Data for analysis
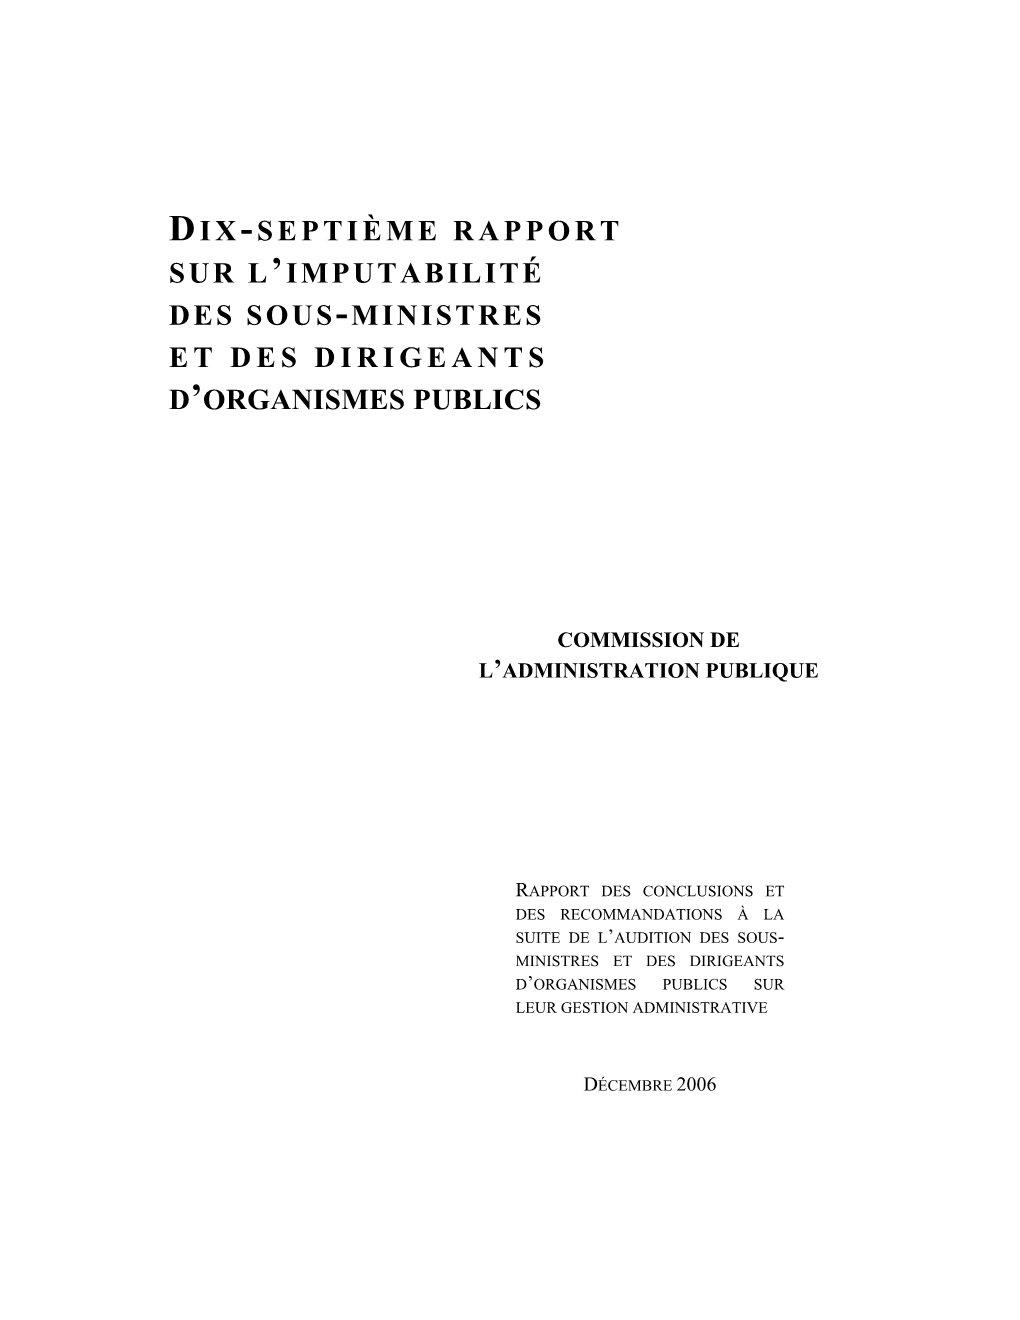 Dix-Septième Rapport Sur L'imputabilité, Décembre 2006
* * *
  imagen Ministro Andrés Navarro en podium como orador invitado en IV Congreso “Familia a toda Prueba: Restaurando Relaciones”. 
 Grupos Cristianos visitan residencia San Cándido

What to work on
The reply should hold only the lines of the listing above starting at the line containing "imagen Ministro Andrés" and ending at the line containing "Grupos Cristianos visitan", exactly as written.

Exercise output
  imagen Ministro Andrés Navarro en podium como orador invitado en IV Congreso “Familia a toda Prueba: Restaurando Relaciones”. 
 Grupos Cristianos visitan residencia San Cándido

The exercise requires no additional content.